Heck, I'm getting flashbacks from the DOS days with 10Mb and 20Mb HDD's...
Korean flash fabber SK Hynix has built a 72-layer 3D NAND die with 256Gb capacity. That number of layers, in effect a higher-rise flash chip than anybody else has built, is impressive but the 256Gb capacity is not; Toshiba's 64-layer flash die has a 512Gb capacity. Like the SK Hynix chip, it is a TLC (3bits/cell) device. It …
This post has been deleted by its author
These numbers are really quite high for a single die. High capacity nand chips tend to have a bunch of (back-ground, so they're waffer-thin) die stacked on top of each other, and a bit of cunning electronics to make it look like one honkin' great device, all in a bit of black plastic with some balls on the bottom. Tablets will then often have a (small) number of these packages to reach the numbers they want.
I would much prefer "twice as fast" over "twice faster", but there are sentences where that would not fit properly, and "two times faster" would be the appropriate choice.
In the article sentence, both "twice as fast" and "two times faster" are acceptable alternatives.
How long does it take to test these once they're fabbed? How many times round do you have to go, erasing, writing, checking and building the bad block list?
Even if you're rocking along flat out, 32GBytes is a lot of space to work through.

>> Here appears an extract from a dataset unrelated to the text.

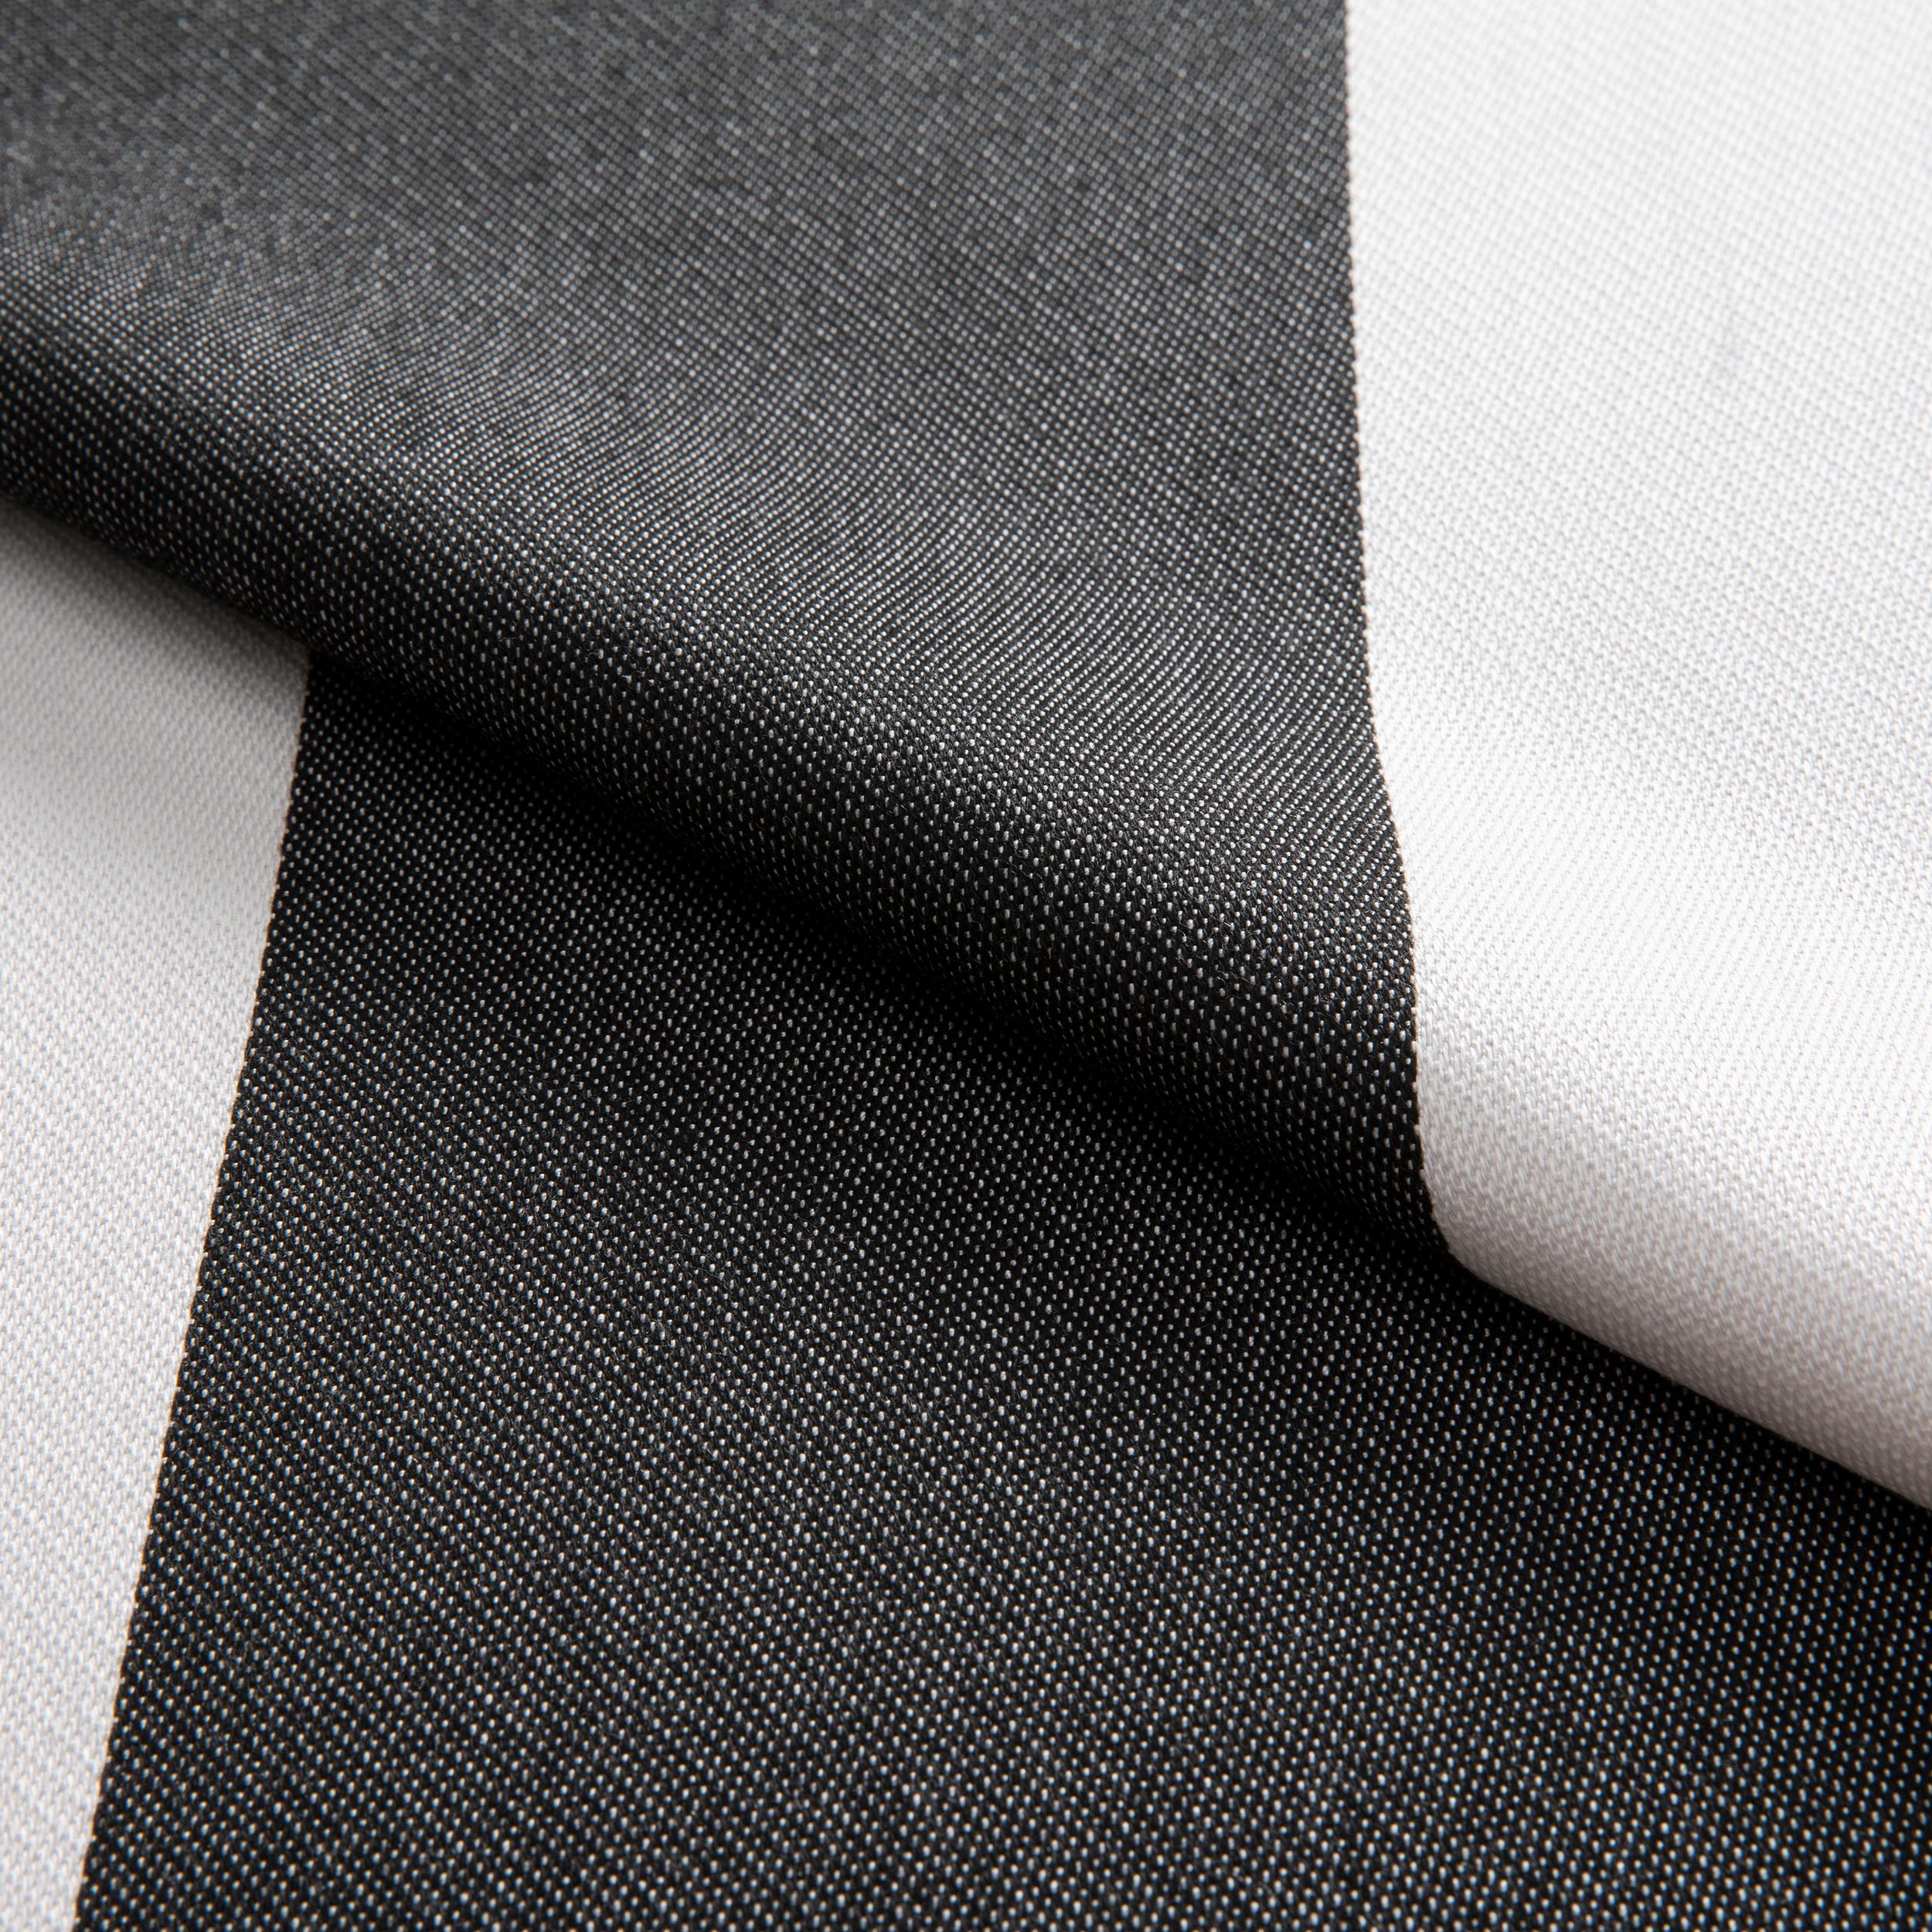 Plain Stripe Noir (2).jpg

(I miss the bad sector lists that used to be printed on HD labels. Maybe if they wrote really, really small.)
Is it possible to see any of this structure in a die shot, or does it just look like a regular NAND device, and you can't see under the top layer?
Ah, some die shots back here. Mildly interesting, want more!
https://www.theregister.co.uk/2017/02/03/micron_working_on_nextgeneration_xpoint/
also, 4.3Gb/mm^2 . Lordy.
These aren't stacked die, they're grown layers on the same die, if I'm understanding right.
Thin, thin layers. What I'm wondering is - what's the limit? Do earlier layers diffuse a bit, each time through the oven? It can't be that the layers interfere - 48 layers is close to 'n'...
http://thememoryguy.com/flash-memory-summit-limitless-layers-of-3d-nand/
reckons a stack of 32 layers is 4um high, and you can stack stacks more or less forever.
I look forward to a PLCC-thickness package, with the middle 2mm made of 16000 layers of storage.
Sure, it'll take a while to fab, format and test, but that's a lot of data.
Anything to stop us growing a few dozen layers of NAND over a microcontroller, to save dicking about with external storage? Maybe a layer or ten of DRAM, too? Surely that's much the same process...
Google, Apple, Amazon, and media rights managers have been telling everybody to stream from the cloud and pay monthly fees for everything. Now storage is fighting back.
I already have a 200 GB microSD card in my phone for offline everything. IT departments don't like streaming music and the best time to have a map and a copy of Wikipedia is when you're in the middle of nowhere without a signal.